DATA SHOWN
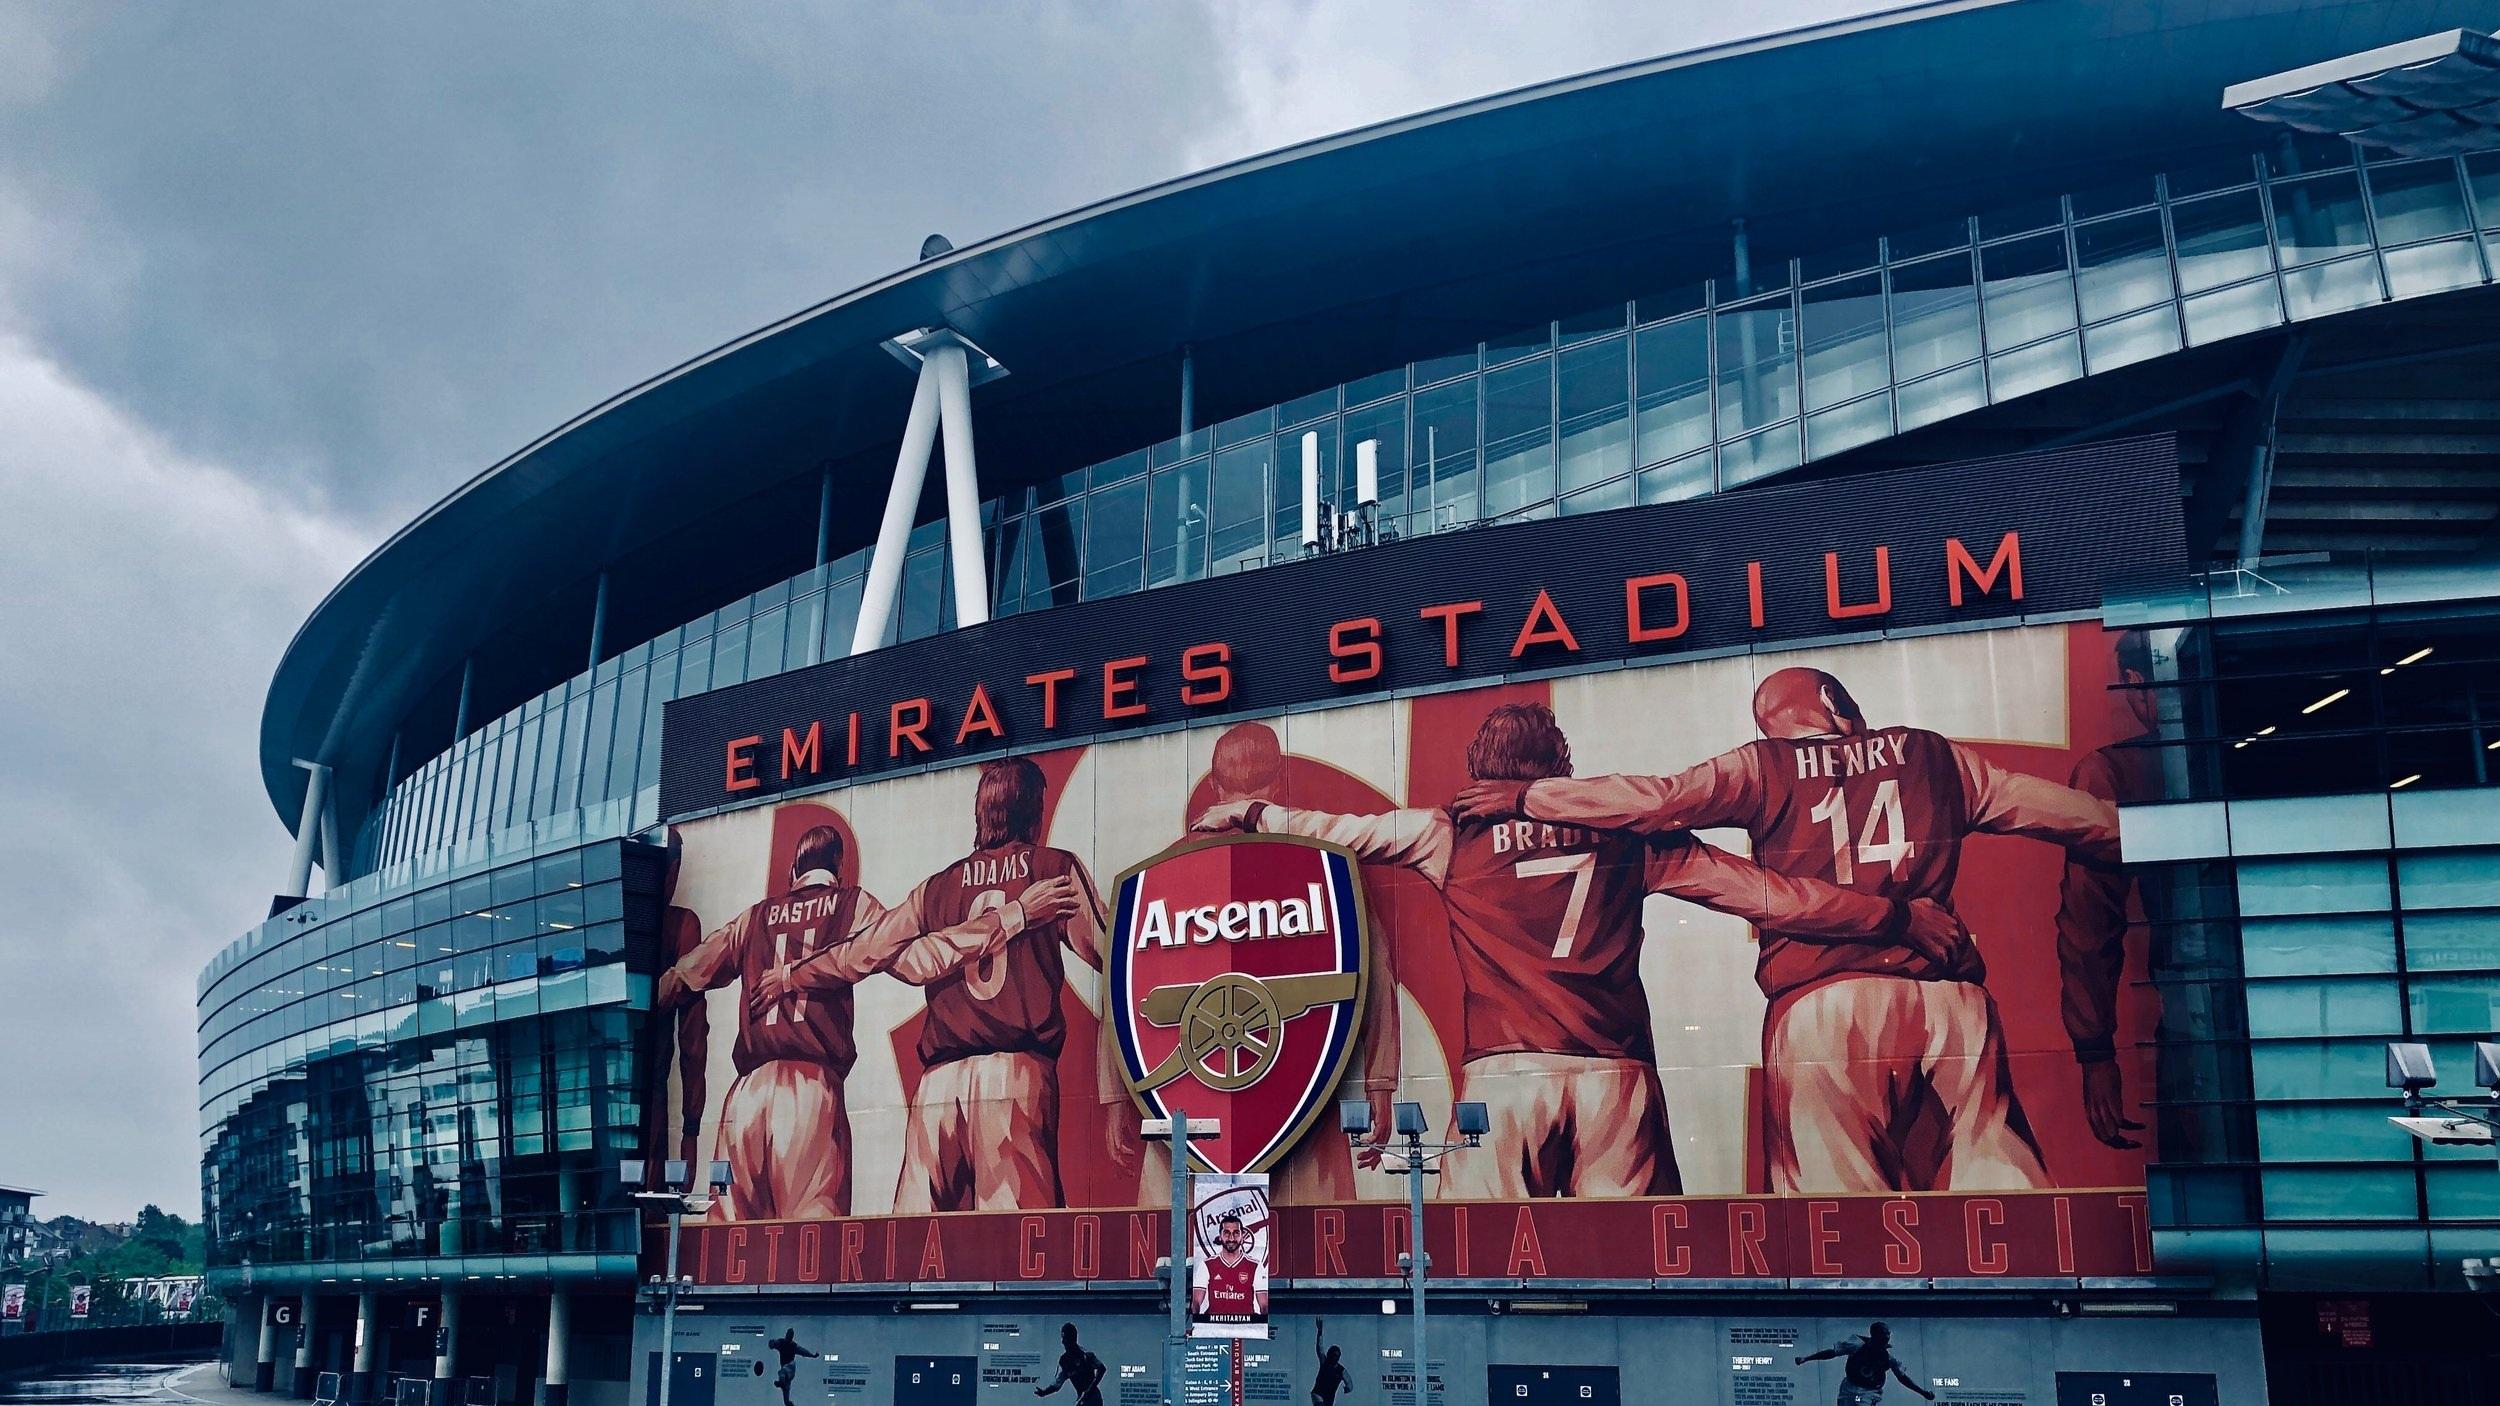 Arsenal - LONDON, ENGLAND
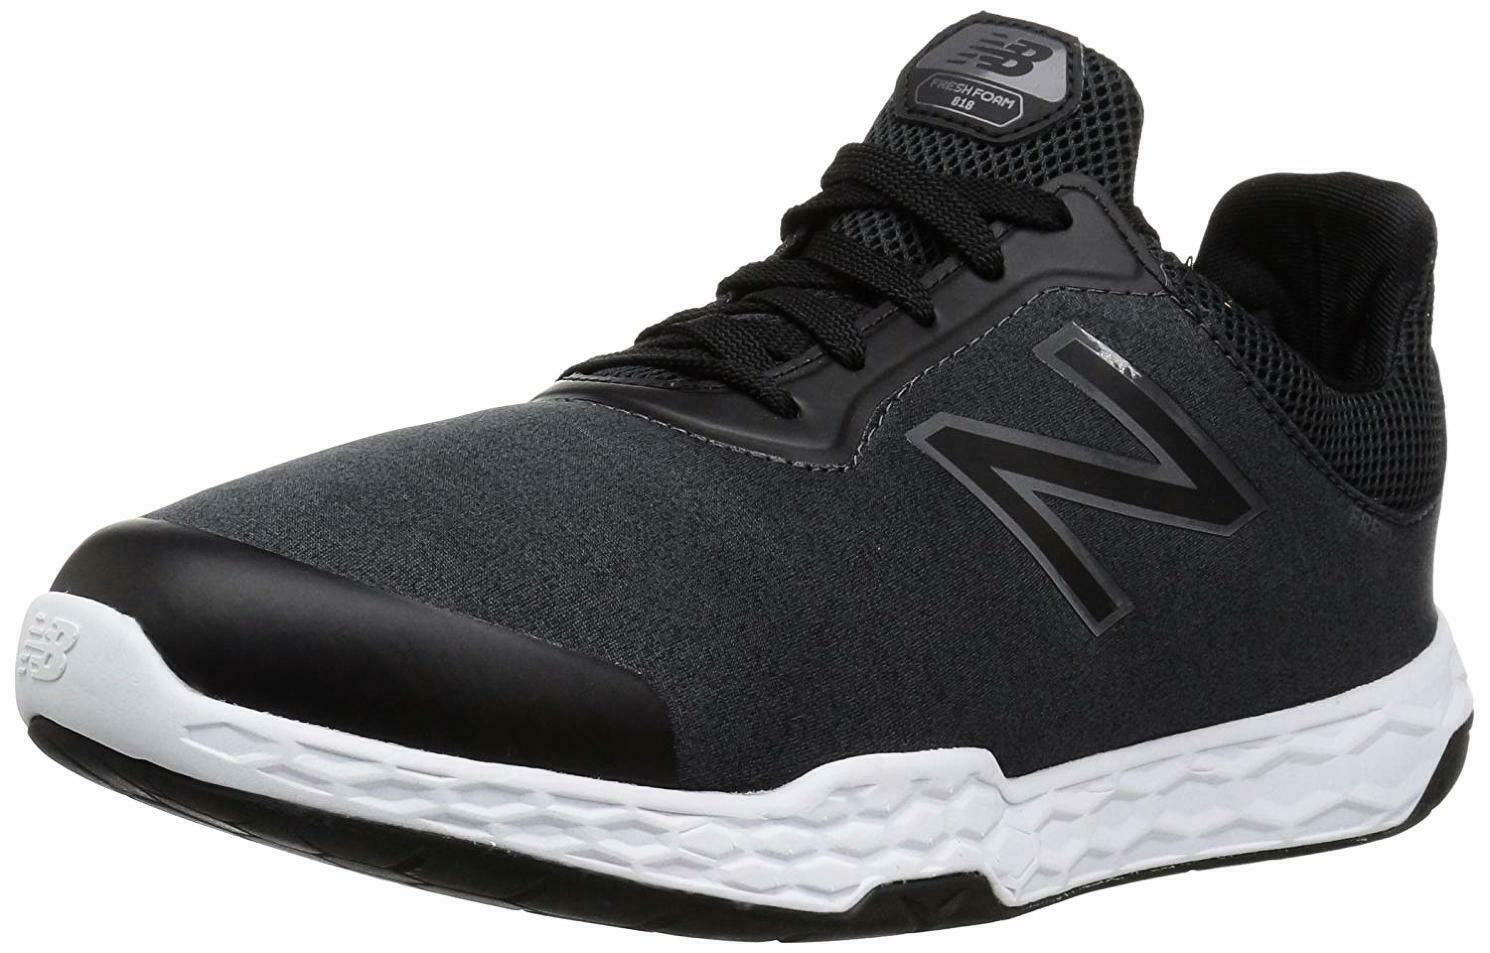 3521ad3ff3 New Balance Men's 818v3 Fresh Foam Trainer - SZ color Cross Choose  nuqdbx1037-Athletic Shoes
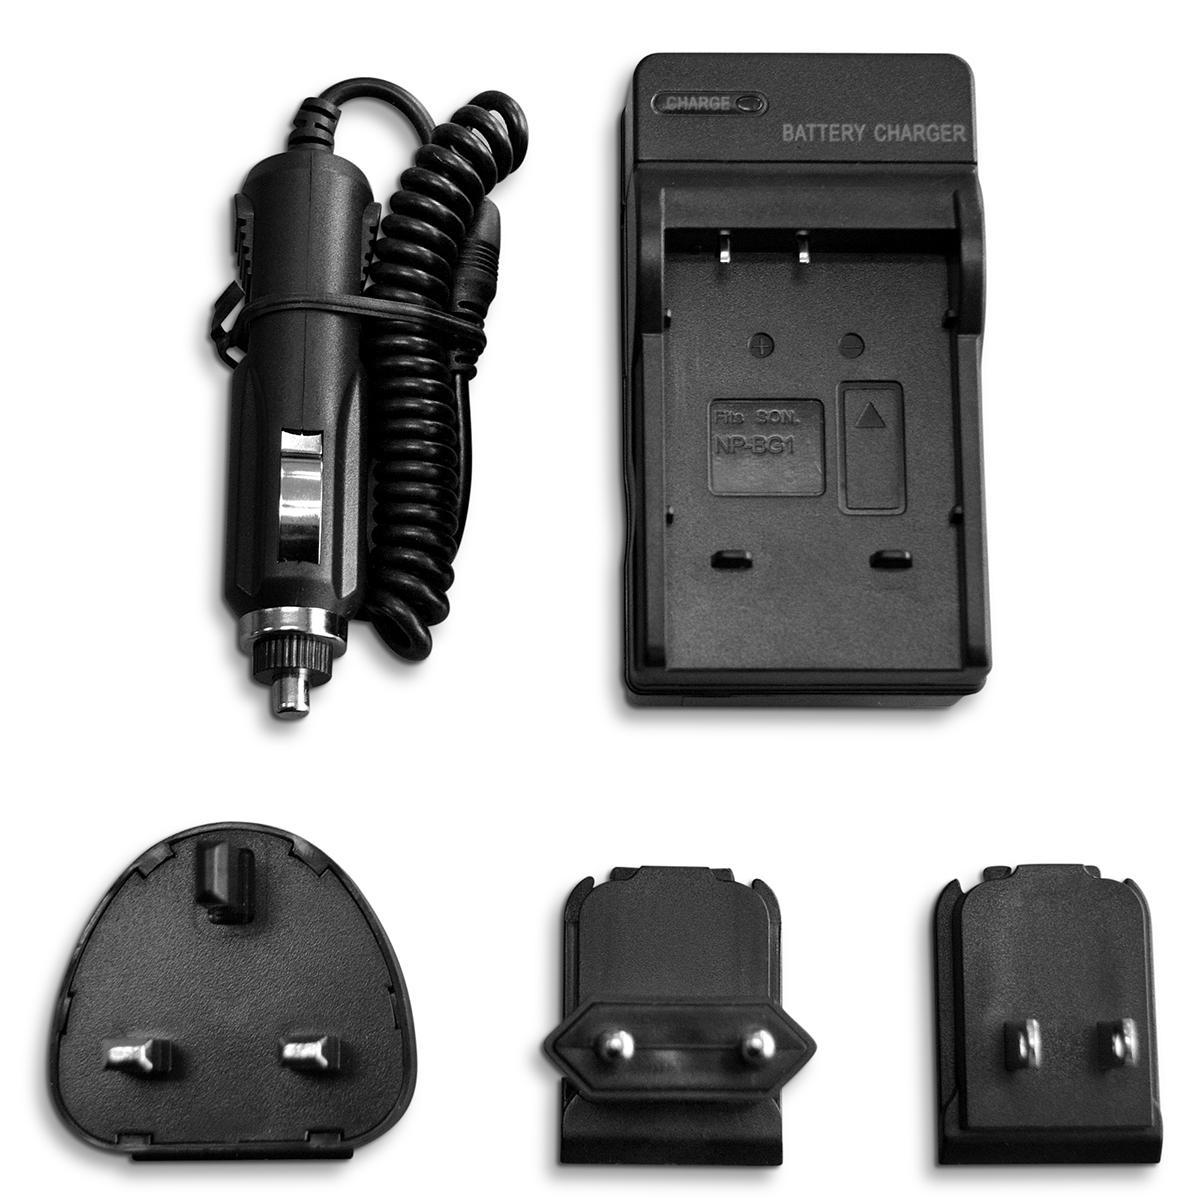 Panasonic lumix dmc fz18 dmc fz38 dmc fz7eg s camera - Batterie panasonic lumix dmc fz18 ...
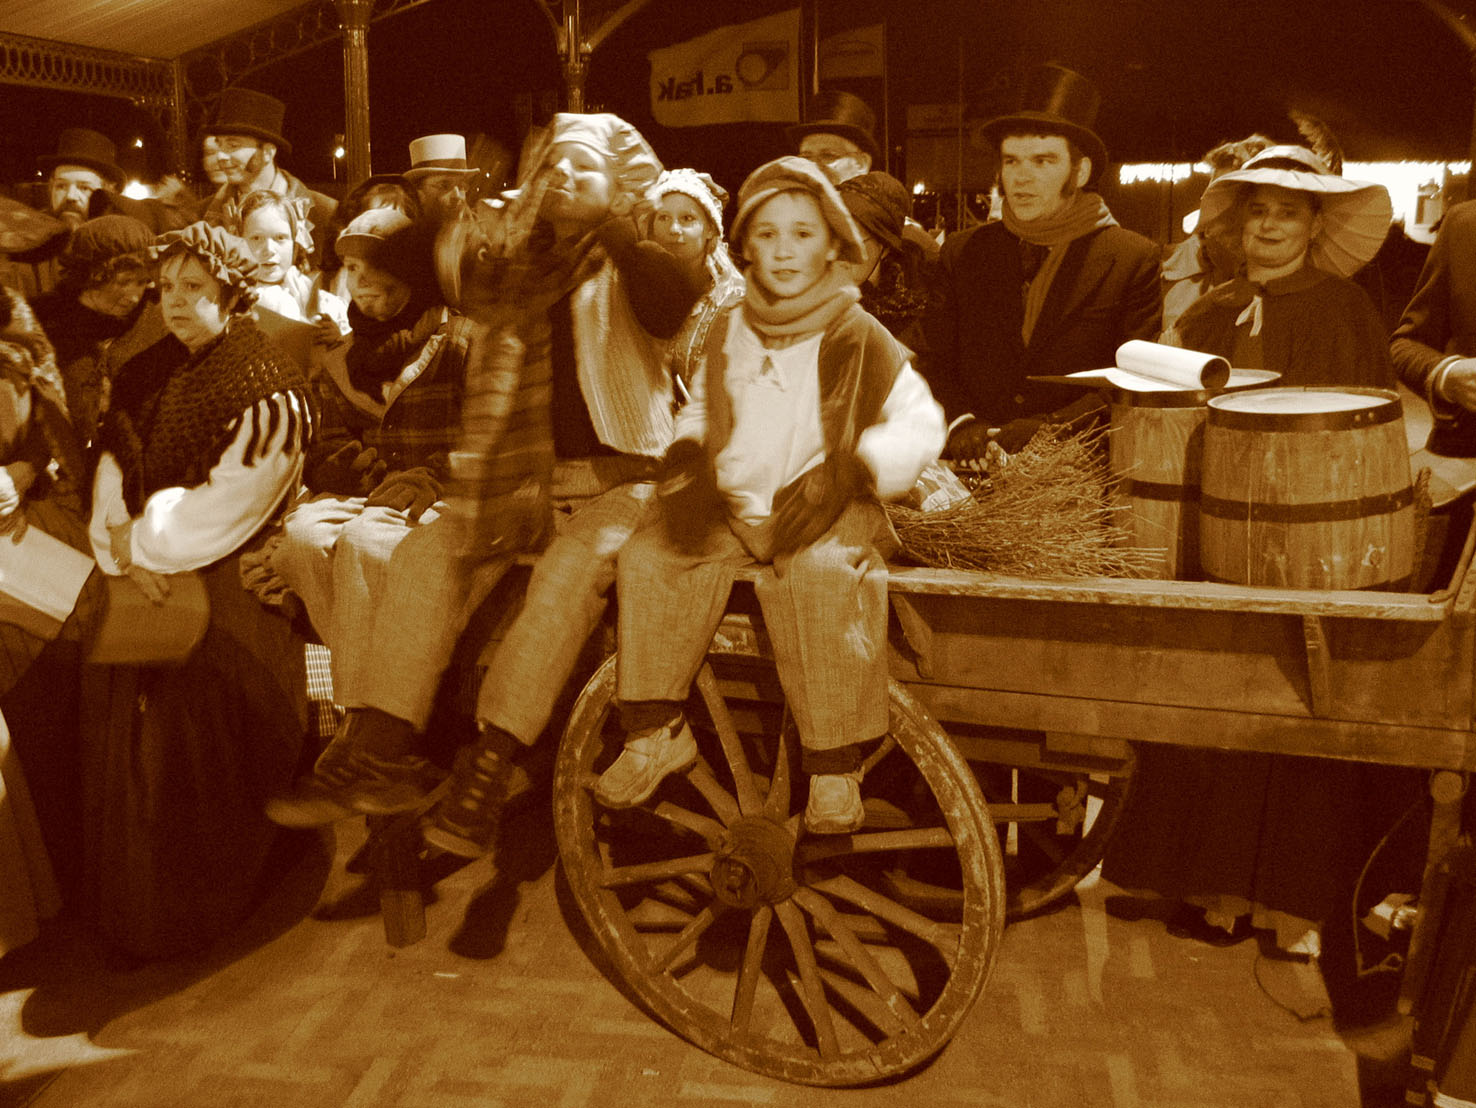 117 - Kerstmarkt Helmond 2003.jpg

WORK REQUEST
Repeat the listing exactly, minus its pictures.

SOLUTION BELOW
 Arsenal - LONDON, ENGLAND
 3521ad3ff3 New Balance Men's 818v3 Fresh Foam Trainer - SZ color Cross Choose  nuqdbx1037-Athletic Shoes
 Panasonic lumix dmc fz18 dmc fz38 dmc fz7eg s camera - Batterie panasonic lumix dmc fz18 ...
 117 - Kerstmarkt Helmond 2003.jpg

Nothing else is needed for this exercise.